Speaking to DW, Gütersloh Mayor Schulz warned of the companies supplying cheap labor, emphasizing that the issue went above and beyond Germany's meat industry.

"We have the system of sub-sub-subcontractors all over Europe, with picking flowers and fruits, whatever — tulips.. lorry drivers and we have to change this," he said.

Read more: German labor minister demands meat company pay coronavirus compensation

In lockdown again

The authorities have now once again closed schools, kindergartens, theaters, gyms swimming pools, bars, clubs, and other public venues. Only two people can meet in public in they are not members of a single household.
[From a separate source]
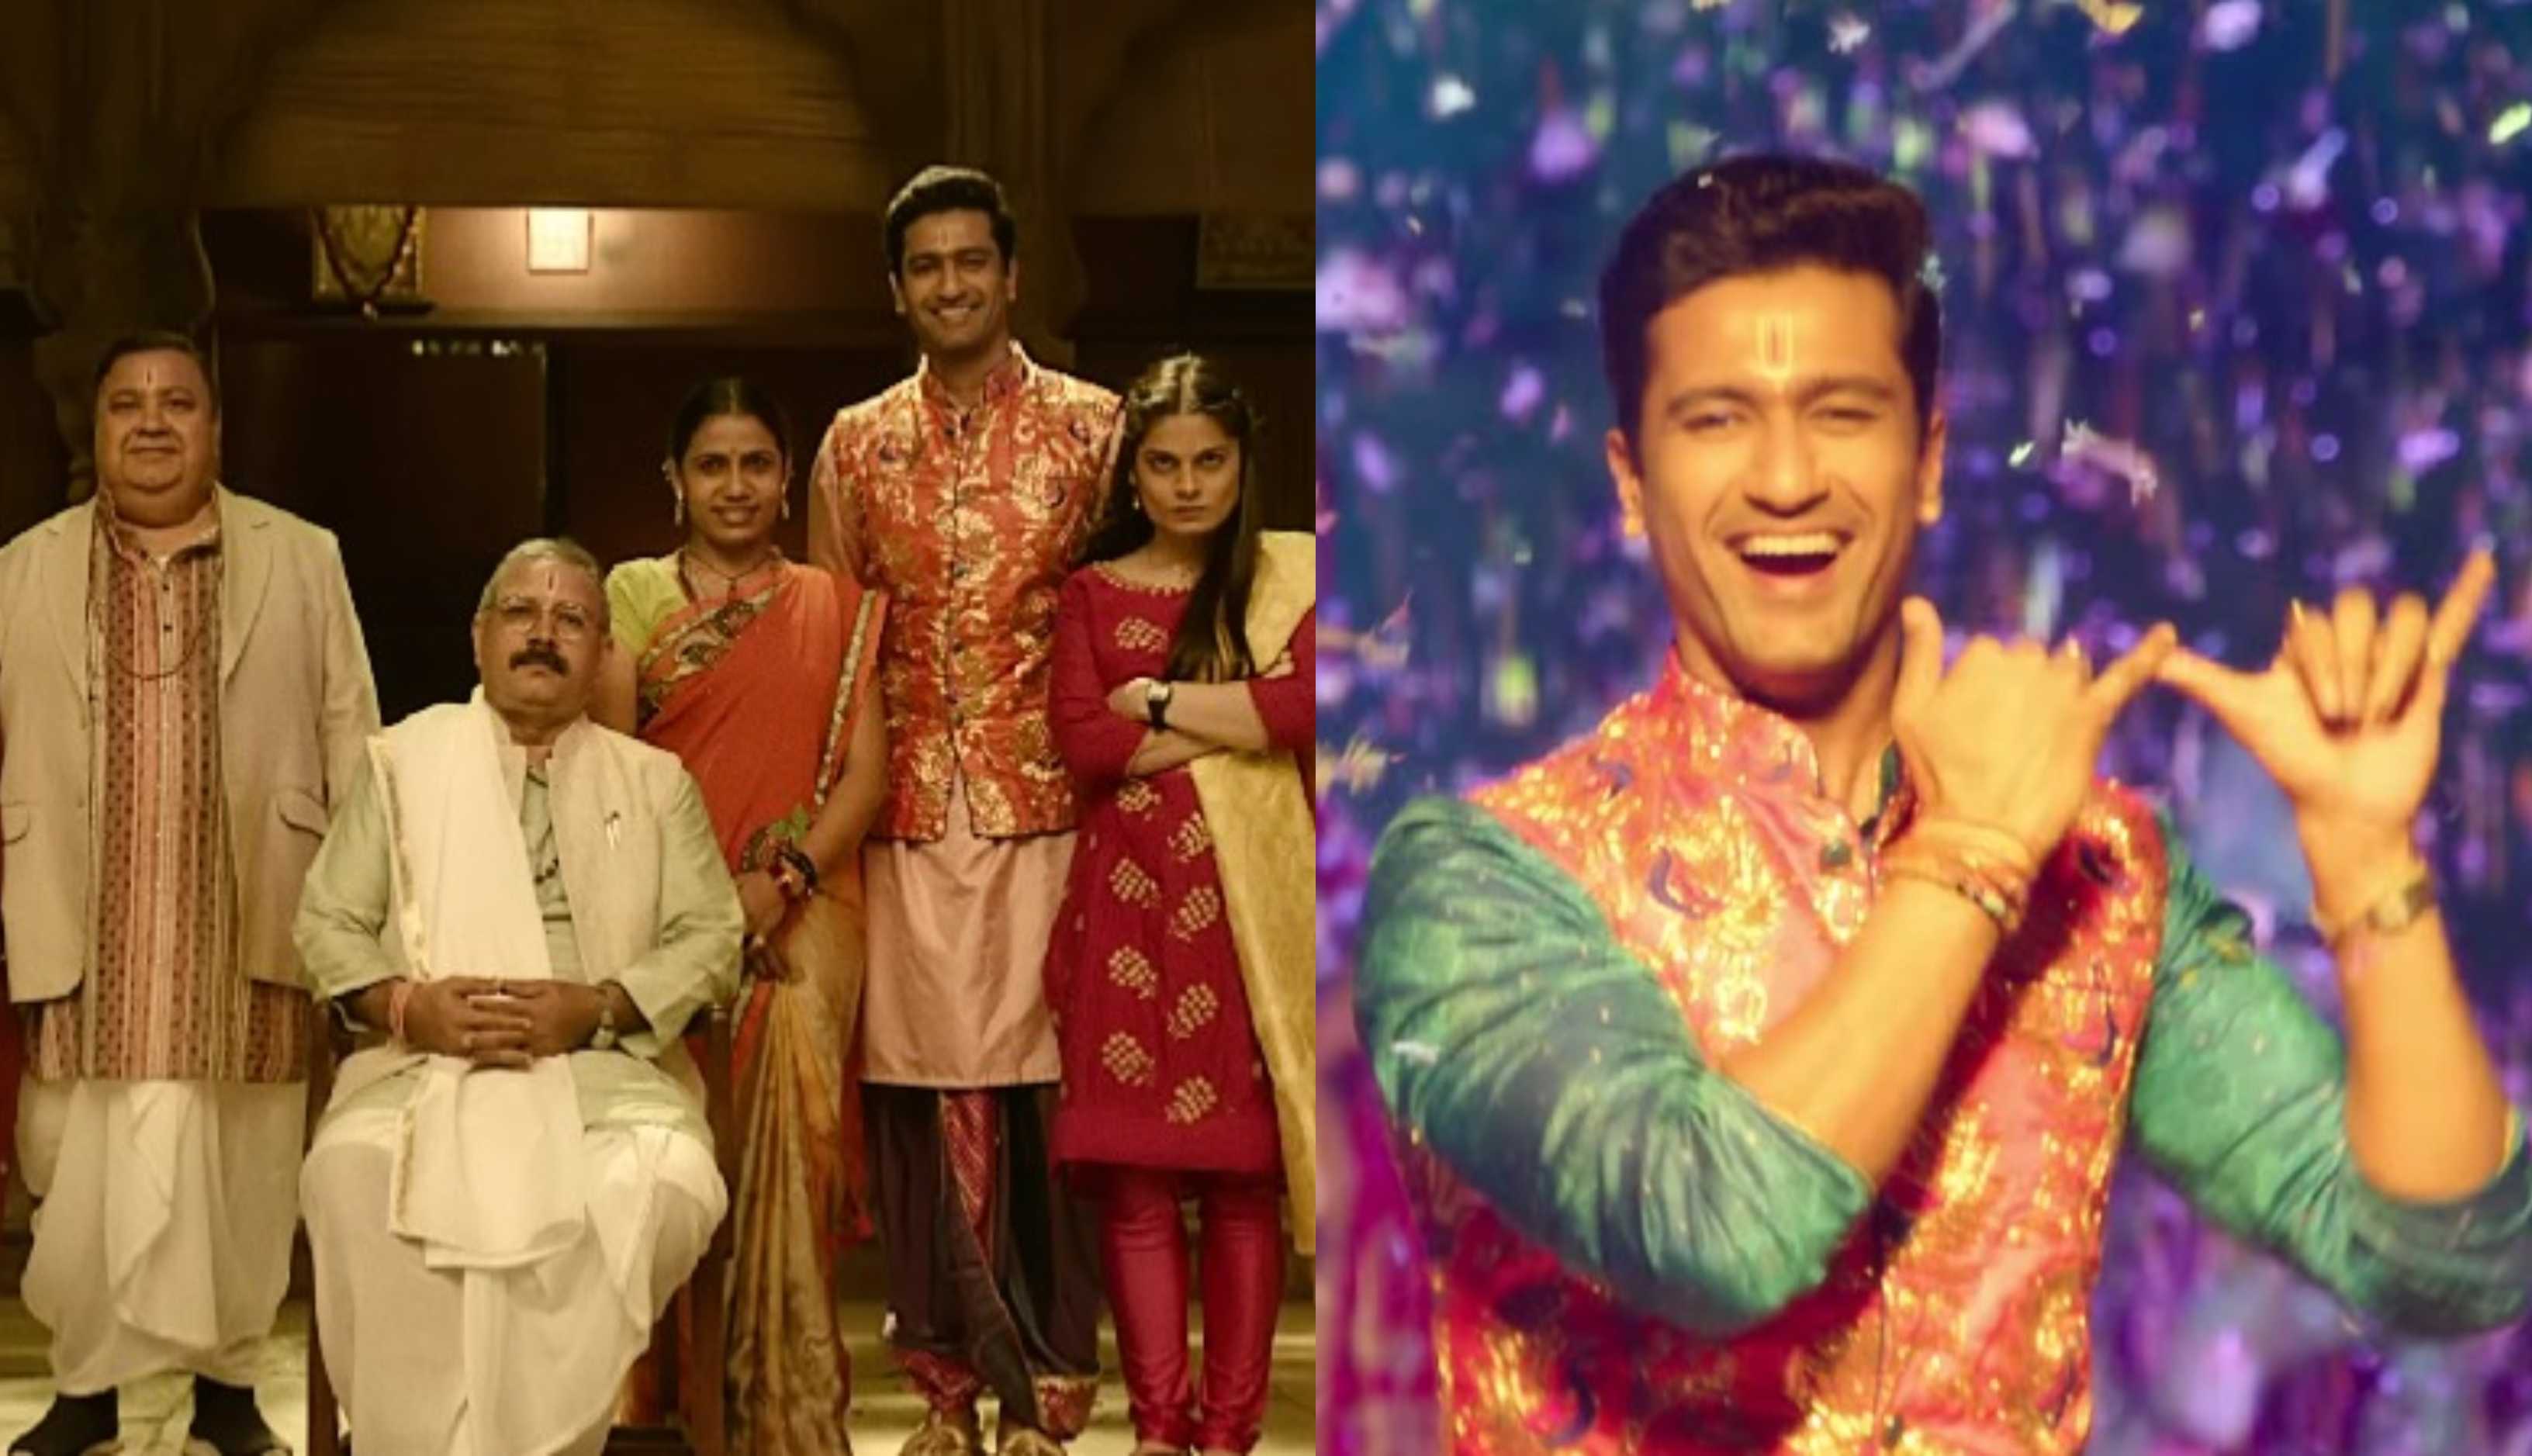 The Great Indian Family Review: Bhajan Kumar aka Vicky Kaushal and Kumud Mishra shine bright in this unique film

Officials said the measures will stay in place for at least one week.

Hundreds of thousands of people are now restricted again.

On Wednesday, NRW Premier Armin Laschet described the outbreak at the plant run by Germany's biggest meat producer Tönnies as an "enormous pandemic risk."

However, mass testing outside the factory has yet to discover new cases among the general population, officials said. With 230 people tested so far, one result was unclear and all others negative, Gütersloh Sven-Georg Adenauer told DPA news agency on Wednesday.

Some German states have already imposed restrictions on visitors from high-risk areas such as Gütersloh. Bavaria and Lower Saxony demand a negative coronavirus test before welcoming their compatriots from the two northwestern towns. Austria took it a step further and imposed a travel warning on the whole of state of North-Rhine Westphalia. 

The northern state of Schleswig-Holstein said that people coming from high-risk areas would need to spend two weeks in quarantine unless they can prove they are coronavirus-free.

Read more: Opinion: Putting the foxes at Tönnies in charge of the hen house?

No 'future' for meat industry's ways

German meat producer rely heavily on cheap migrant labor from eastern Europe, with workers living in cramped and unsanitary conditions. The companies now face an ever-growing anger from officials and the public due to recent series of outbreaks. On Wednesday, NRW Health Minister Karl-Josef Laumann said that such business model had no future.

"This system is bad and has nothing to do with a humane working world," Laumann said, calling for reforming federal laws.

Separately, Romanian ambassador in Berlin Emil Hurezeanu said that working and living conditions in such facilities needed to "improve urgently." Around one half of Tönnies' labor pool in Gütersloh are Romanian citizens, according to the envoy.

Hurezeanu urged "hopefully more transparency and manageabilty" as well as more accountability for the companies in question. 

Romania expects the German government to regulate the branch better and "intensify controls," he told the Funke Mediengruppe.